Vail Resorts (NYSE: MTN) stock has been on a strong run the past five years, helped by its own consolidation of mountain assets around North America. The 2016 acquisition of Whistler Blackcomb created a giant in winter sports and gave the company control of some of the best mountains in the U.S. and Canada.
A stronger economy has also helped push consumer spending on winter activities higher, which points to another good year for the company . But it may not mean the stock is a buy right now. Here's why.
All signs point to a big year
The fiscal first quarter for Vail Resorts points to a positive year for the company.

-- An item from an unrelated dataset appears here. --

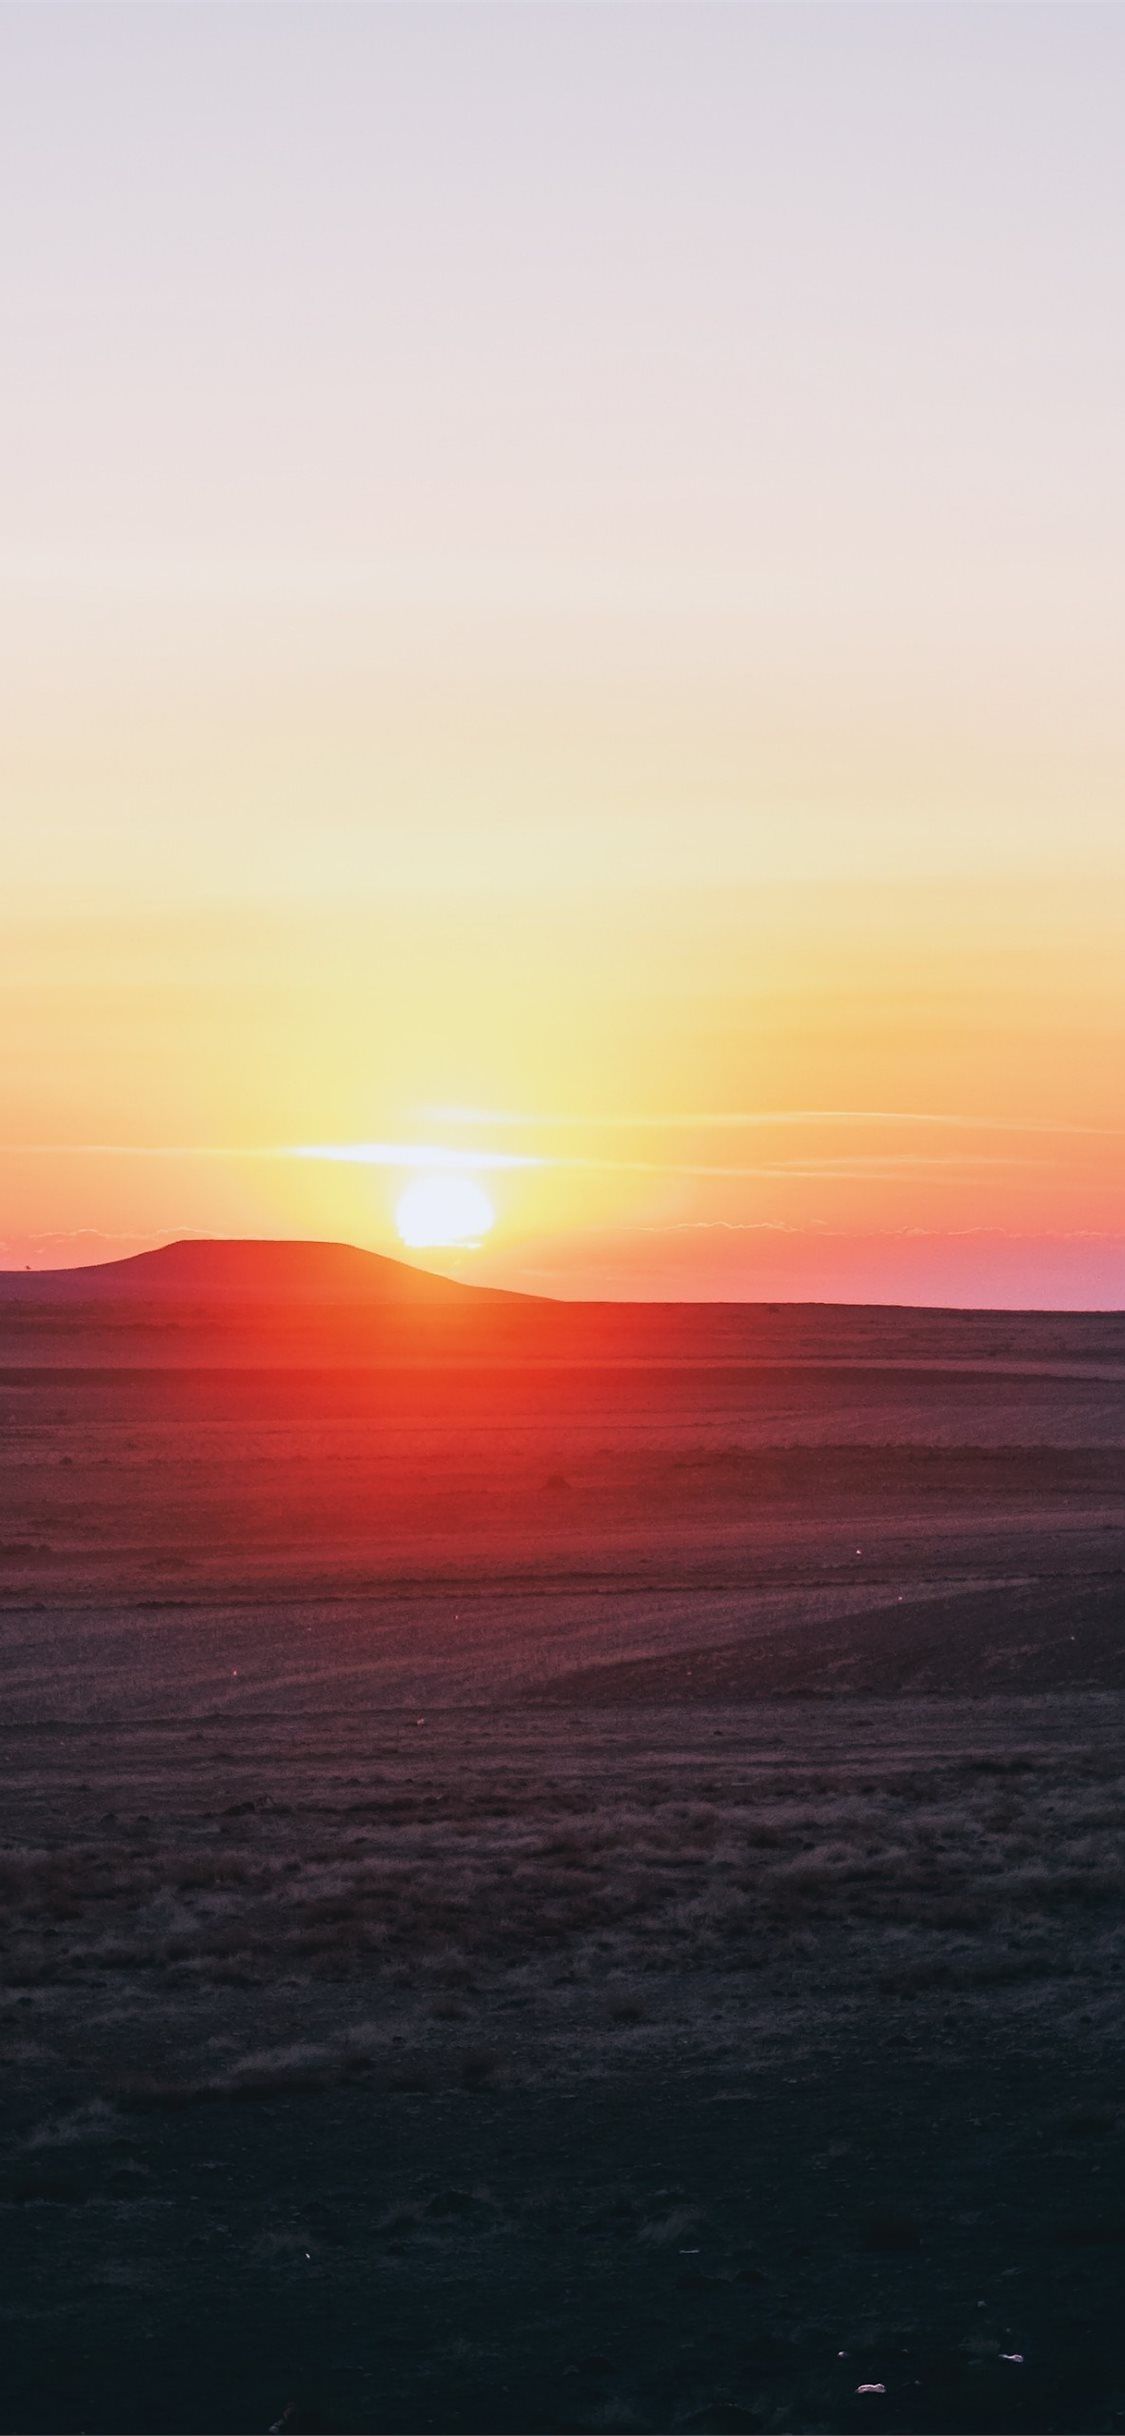 Turkey Cappadocia Sunset Clean Sky iPhone Wallpaper Free Download

Revenue per available room was up 8.5% in the first quarter to $87.38. Average daily rates were up 1.5% to $210.49. Season pass sales were also up 14% in units and 20% in dollars in the early season versus a year ago.
Guidance for the full year is for net income of $264 million to $300 million, up significantly from $210.6 million in fiscal 2017. Pricing power from owning most of the high-end ski resorts in the U.S. could help push earnings higher in the future as well, if demand stays strong.
Building the ski resort of the future
Vail isn't done investing in growth, either. As part of an improvement plan across the network of resorts, Vail Resorts plans to invest $150 million in capital improvements in fiscal 2018, which includes a new gondola in the heart of Whistler. Long-term, capital expenditures will be about $131 million per year, so this is a significant increase to boost customer interest in the near term.
Integrations of Whistler Blackcomb resorts are also nearly complete, highlighted by a larger network of resorts customers can visit with their season pass. For $859, customers can access 45 ski and snowboard destinations around the world. If you're a winter enthusiast, it's hard to beat that price. And Vail Resorts gets the guaranteed revenue that comes with season passes before the winter season really starts, reducing weather-related risk.
Is there value in Vail Resorts stock?
I like everything about Vail Resorts' operations. The problem with the stock is its value. Even at the high end of the earnings range, Vail Resorts is an expensive stock. The company's market cap right now is $8.5 billion, meaning shares trade at 28 times earnings. That's a steep price for a company that has limited growth options unless it continues raising prices, which may be difficult with a single-day ski pass already going for $164.
I like Vail Resorts' business long-term, but the price is too much for me to jump in right now. That said, I'm not bearish enough to give the stock a red thumb on my CAPS page, either. I'll just stay on the sidelines with this stock, for now.